Could you please output all of the data exactly, without the images?

● **Input data**:
▼▼▼
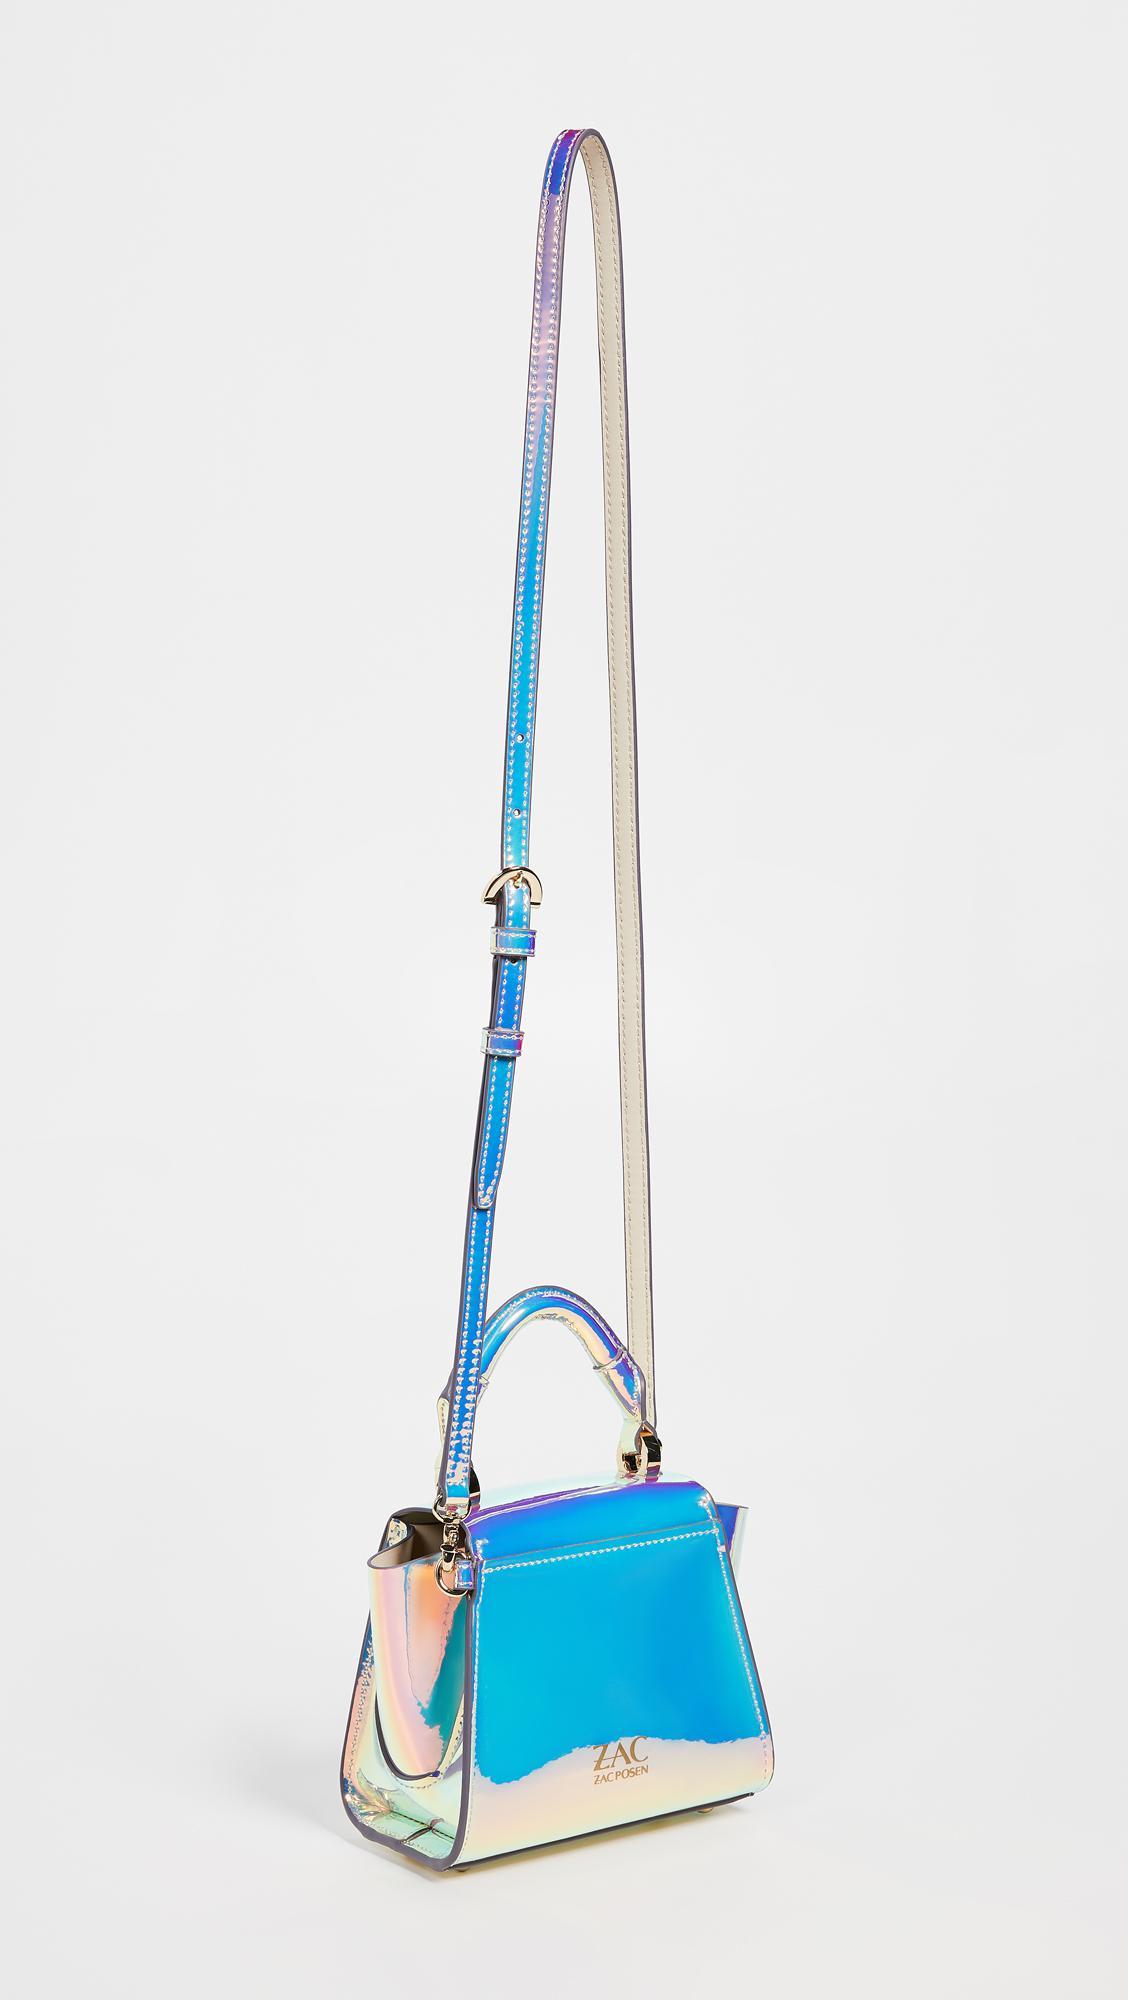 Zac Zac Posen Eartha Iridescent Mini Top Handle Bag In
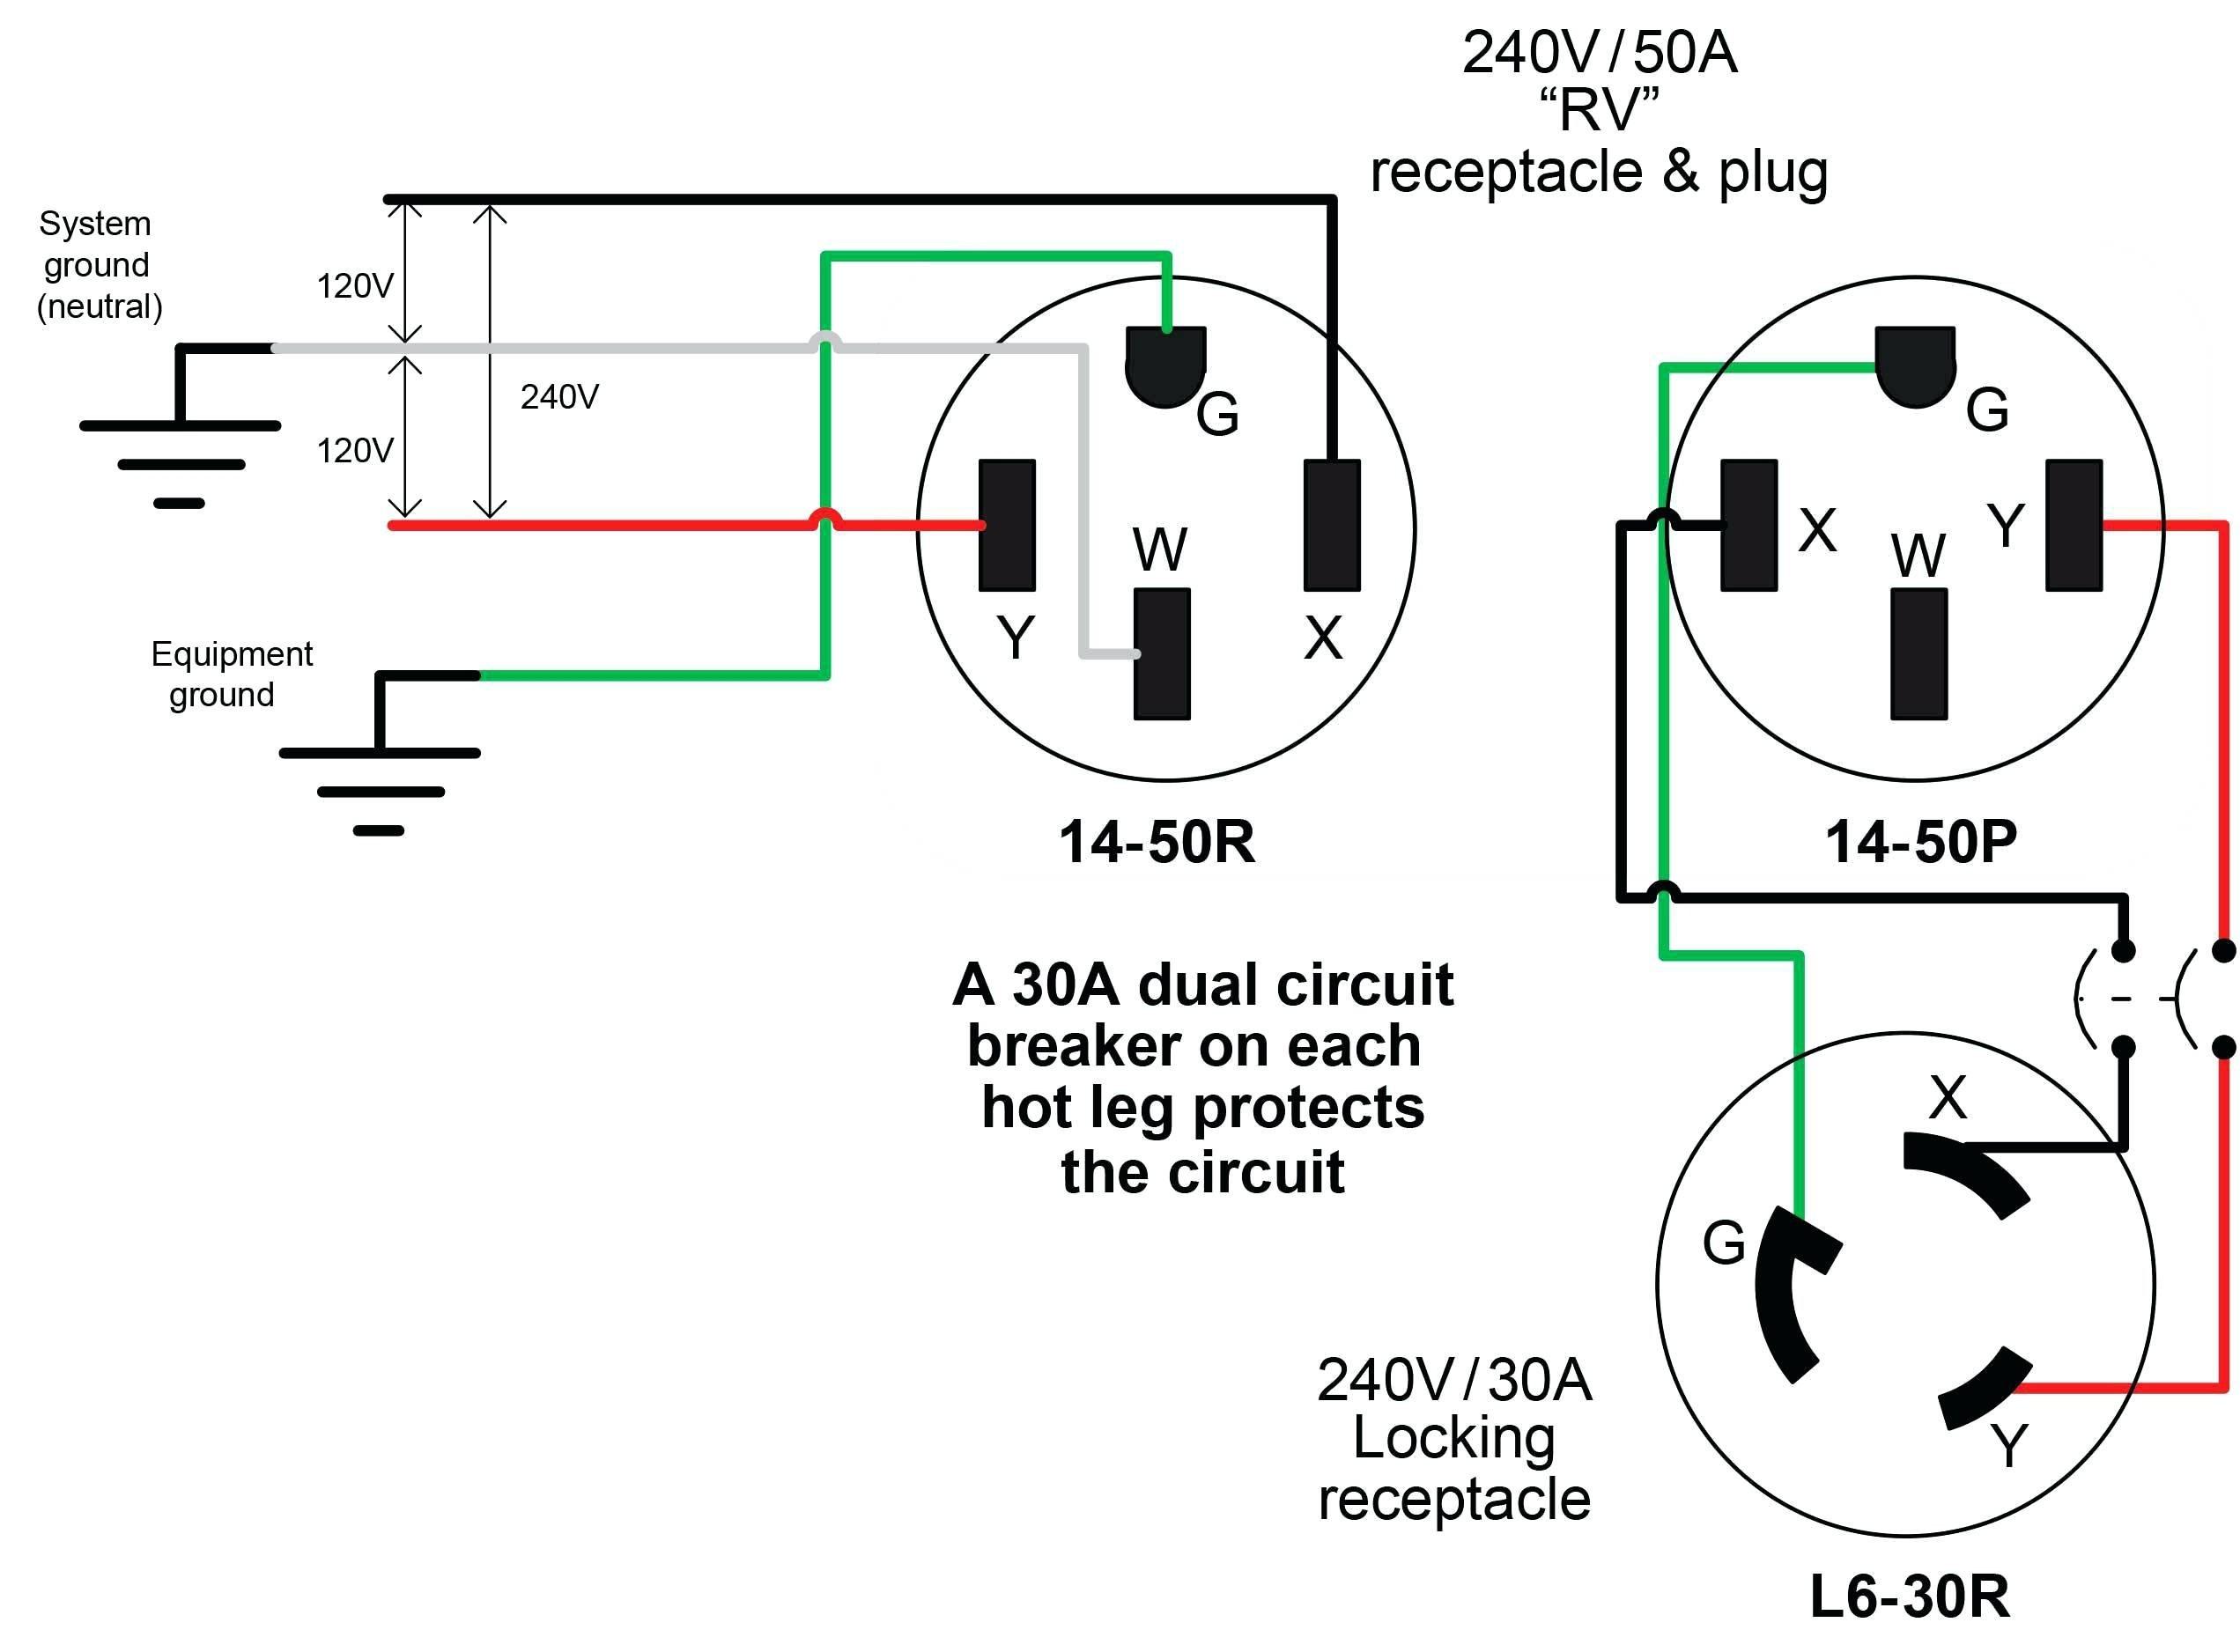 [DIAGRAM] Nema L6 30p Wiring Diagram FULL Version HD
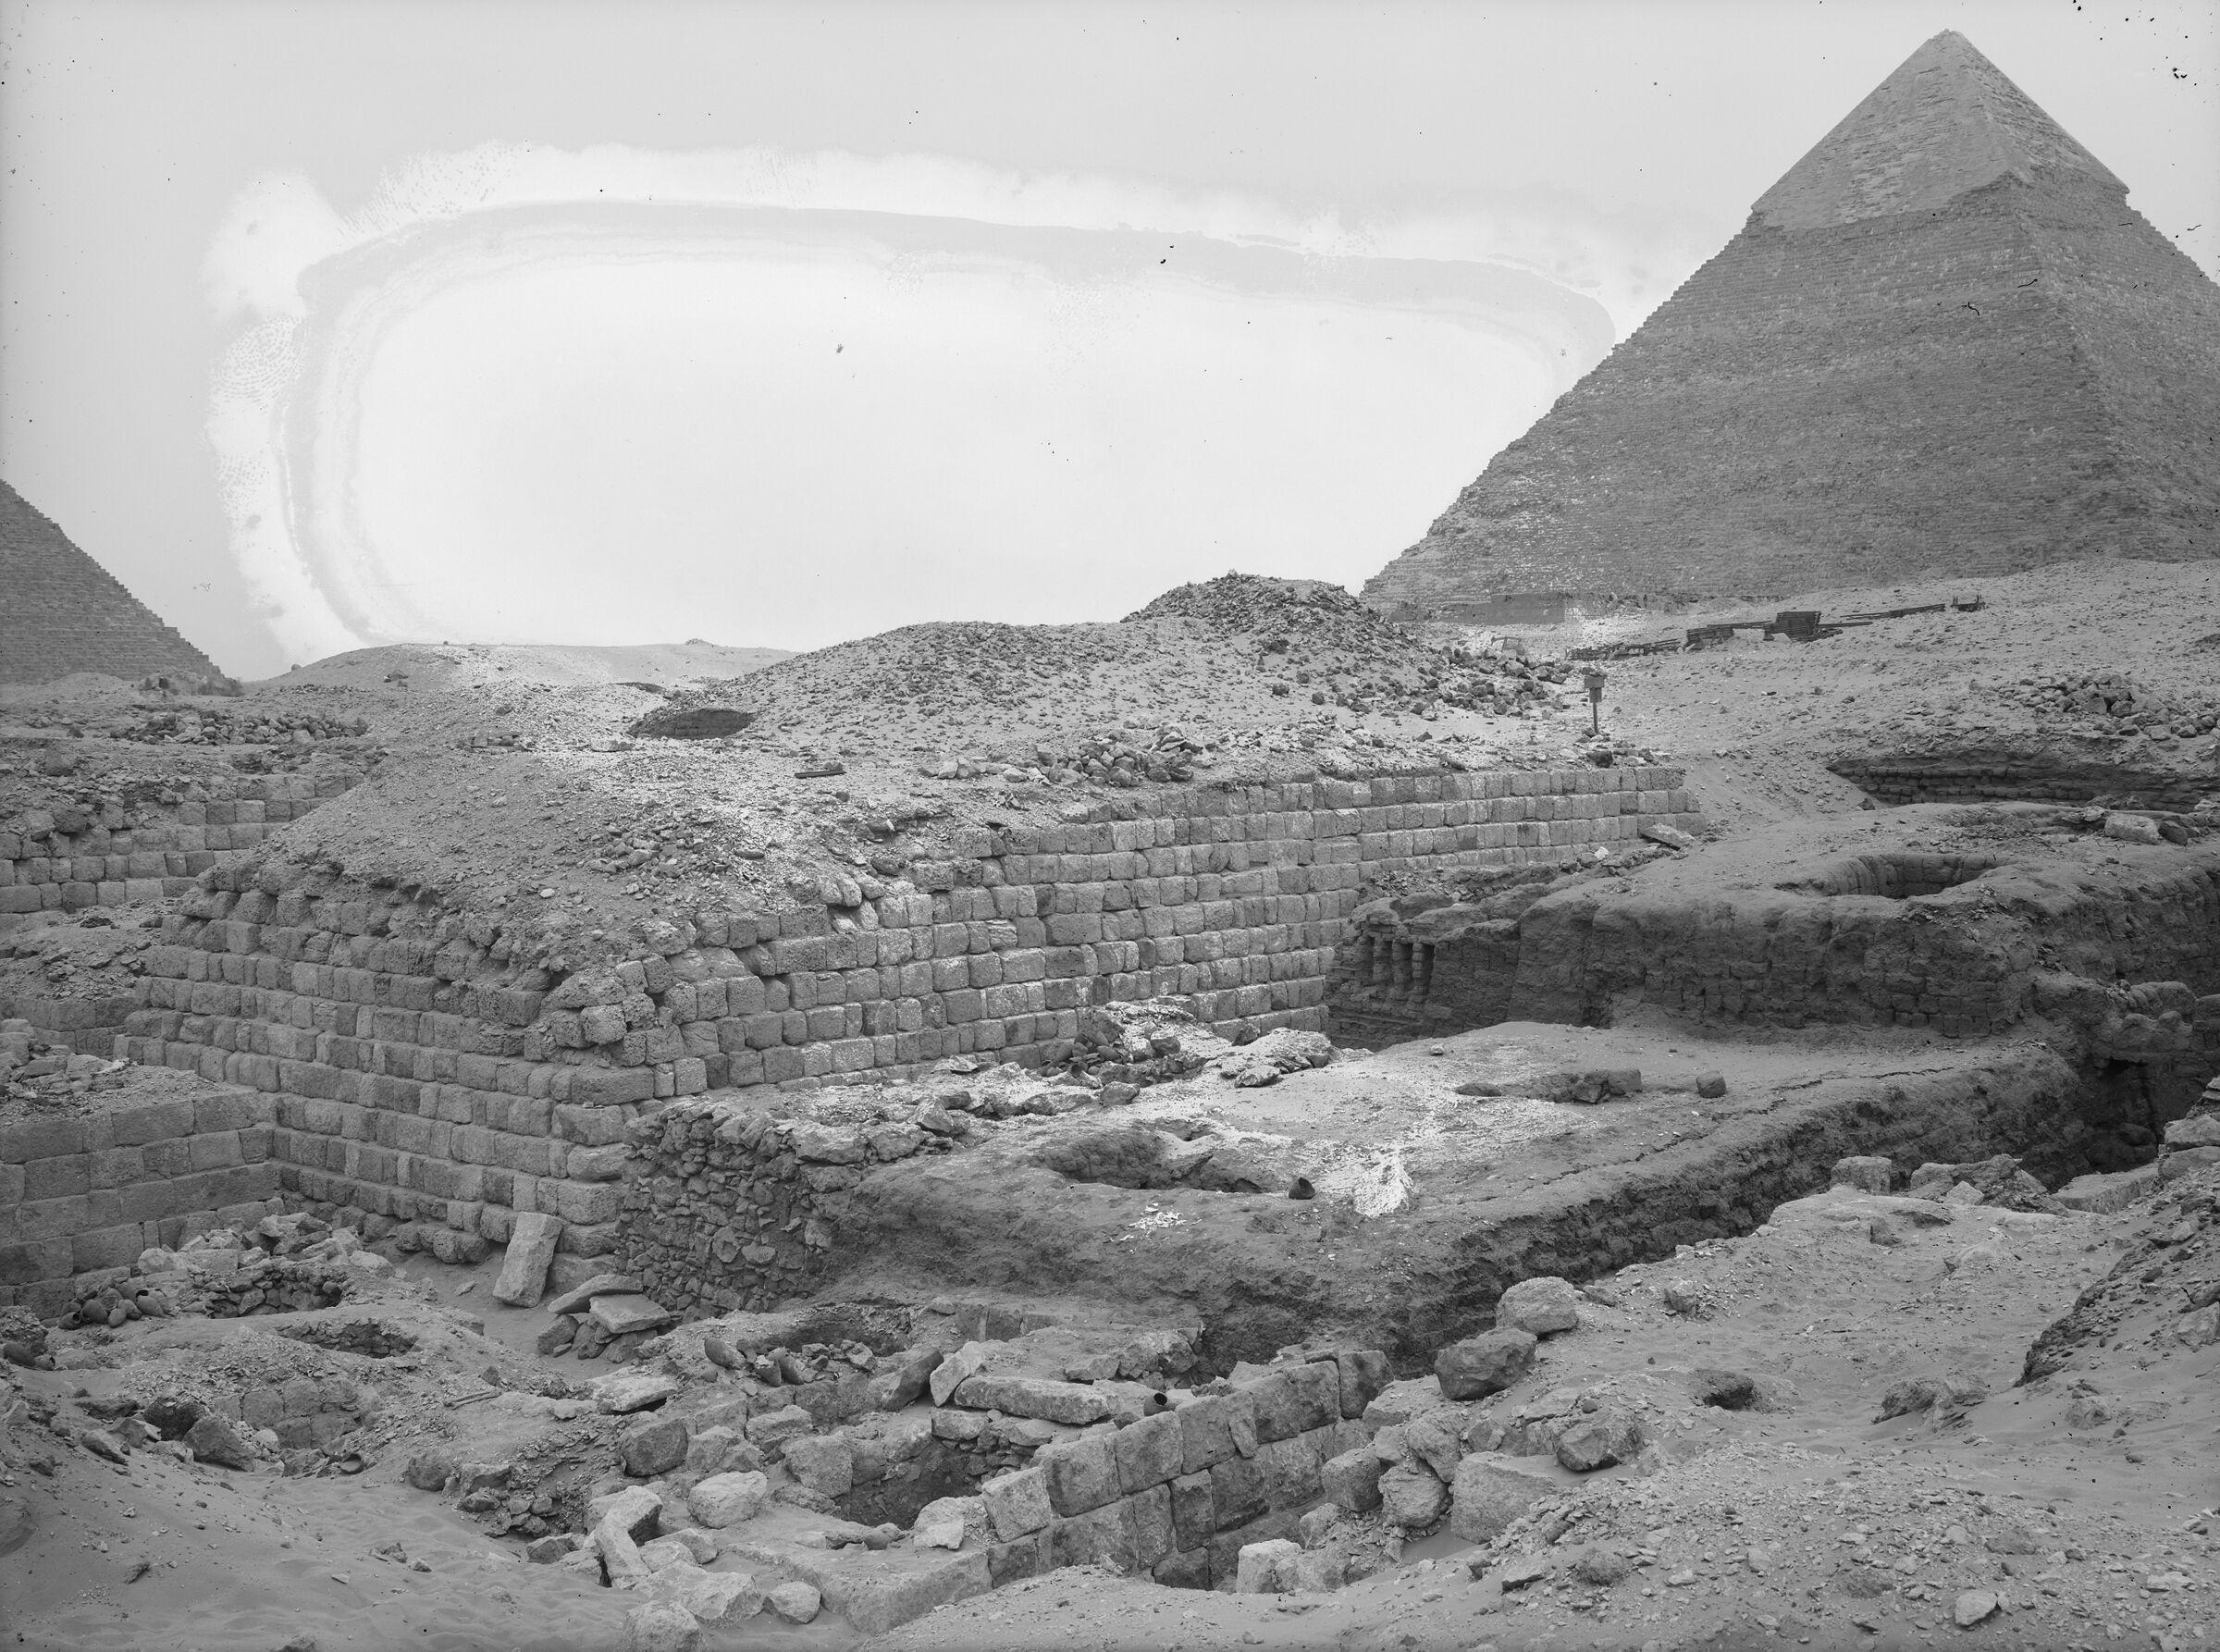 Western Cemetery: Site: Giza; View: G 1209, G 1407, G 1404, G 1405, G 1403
▲▲▲
● **Written answer**:
 Zac Zac Posen Eartha Iridescent Mini Top Handle Bag In
 [DIAGRAM] Nema L6 30p Wiring Diagram FULL Version HD
 Western Cemetery: Site: Giza; View: G 1209, G 1407, G 1404, G 1405, G 1403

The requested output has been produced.